Several oral beta-blockers are already approved to prevent migraine. However, they’re absorbed gradually and delayed by metabolism, so they’re not effective treatments for acute migraine.

But timolol eyedrops, “provide a rapid route of delivery with the maximum plasma concentration achieved within 15 minutes of administration,” wrote the researchers, led by Sean Gratton, MD, assistant professor, Department of Neurology and Cognitive Neuroscience, University of Missouri–Kansas City School of Medicine, Kansas City, MO.

“This pharmacokinetic advantage supports a potential role for timolol eyedrops in managing acute migraine,” Dr. Gratton and coauthors wrote.
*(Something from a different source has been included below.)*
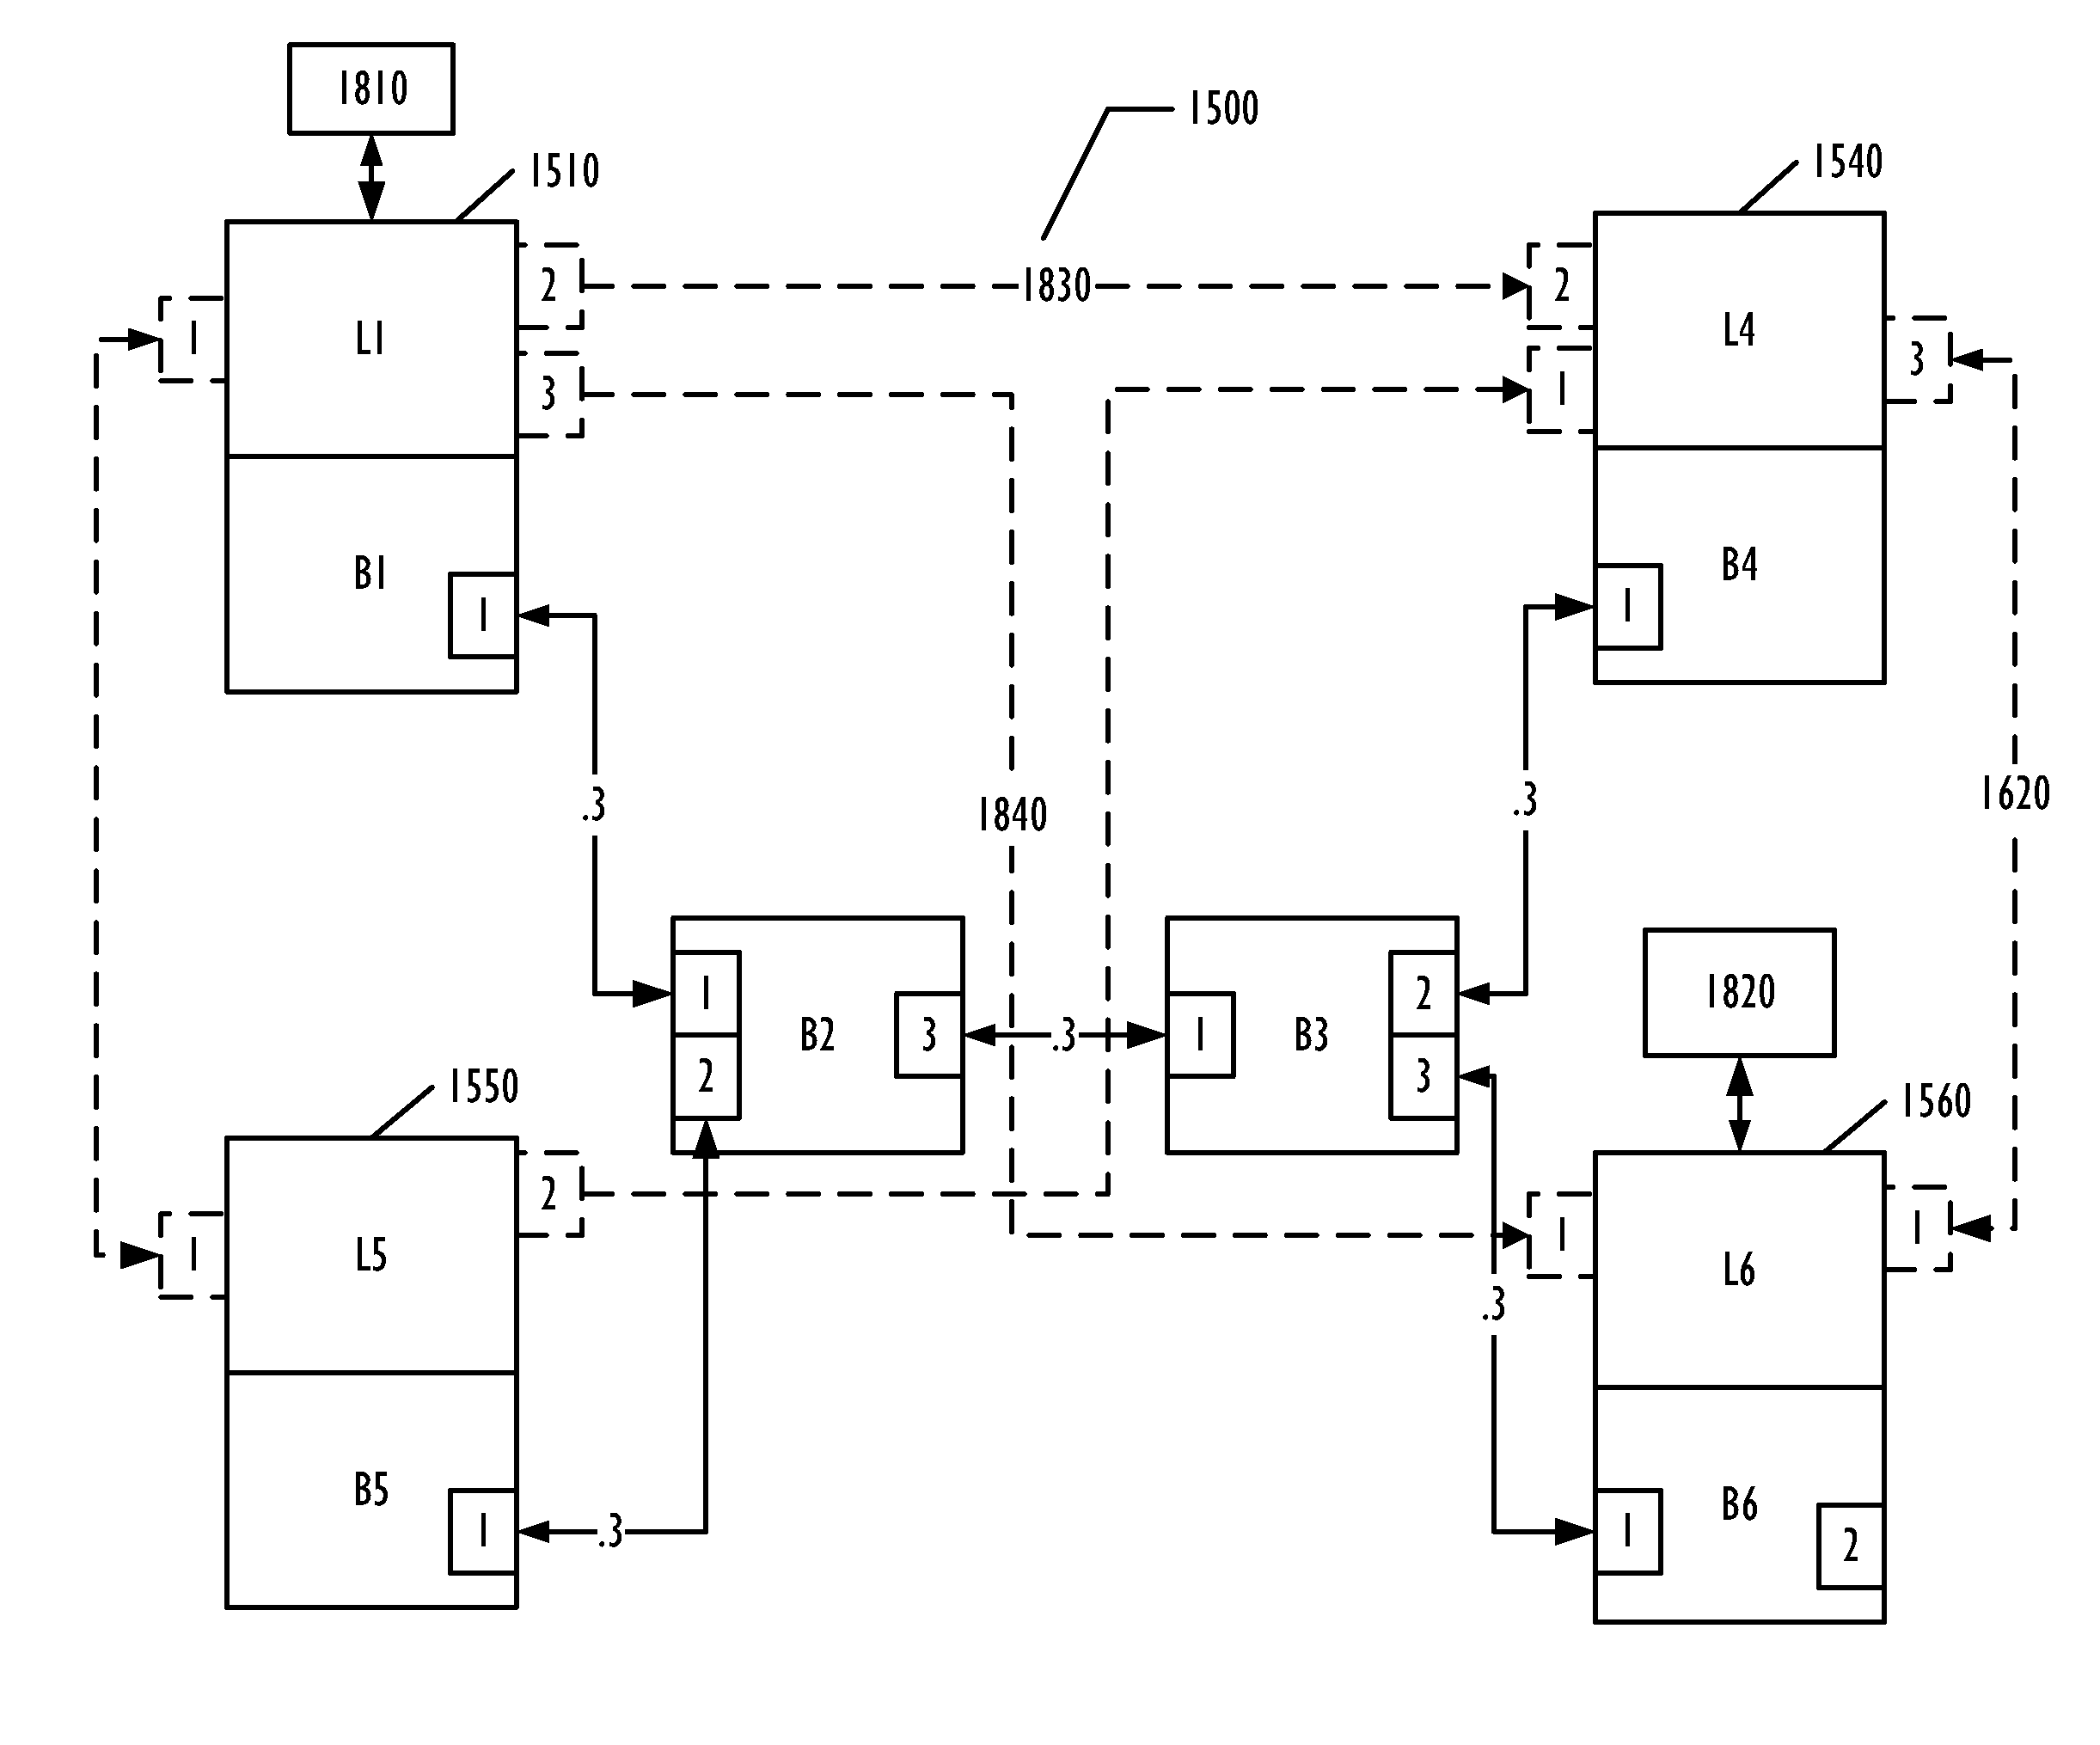 Defining an optimal topology for a group of logical switches

To investigate this possibility, the researchers conducted a small randomized, crossover, placebo-controlled trial of 10 adults who had been diagnosed with migraine (with or without aura). Patients were randomly assigned to 1 drop of either timolol maleate 0.5% or artificial tears in both eyes at the onset of migraine and 30 minutes after onset. Participants were seen monthly for 4 months and switched therapy after 2 months.

The patients had a combined total of 198 migraine attacks. For each migraine, patients were required to rate its severity on a scale of 0 to 3. At the end of the study, they rated the effectiveness of each drop on a scale of 1 to 4.

Overall, patients gave timolol an effectiveness rating of 2.4, compared with 1.4 for placebo. Four patients said timolol was highly effective compared with placebo, while one patient said the opposite. Among patients taking timolol, 67% of migraines had a severity of “none” or “mild” at 2 hours compared with 78% for placebo, a difference that was not significant (P = 0.26).

One patient developed a branch retinal artery occlusion while taking placebo, which the researchers believed was unrelated to the study. No other adverse events, including
hypotension or bradycardia, were observed.

“Timolol is an effective abortive treatment for some patients with migraines,” Dr. Gratton and coauthors wrote. “Future research should focus on identifying which patients will respond and at what dosage.”
The team calculated that a future study would require at least 172 randomized participants or 86 crossover participants to be sufficiently powered.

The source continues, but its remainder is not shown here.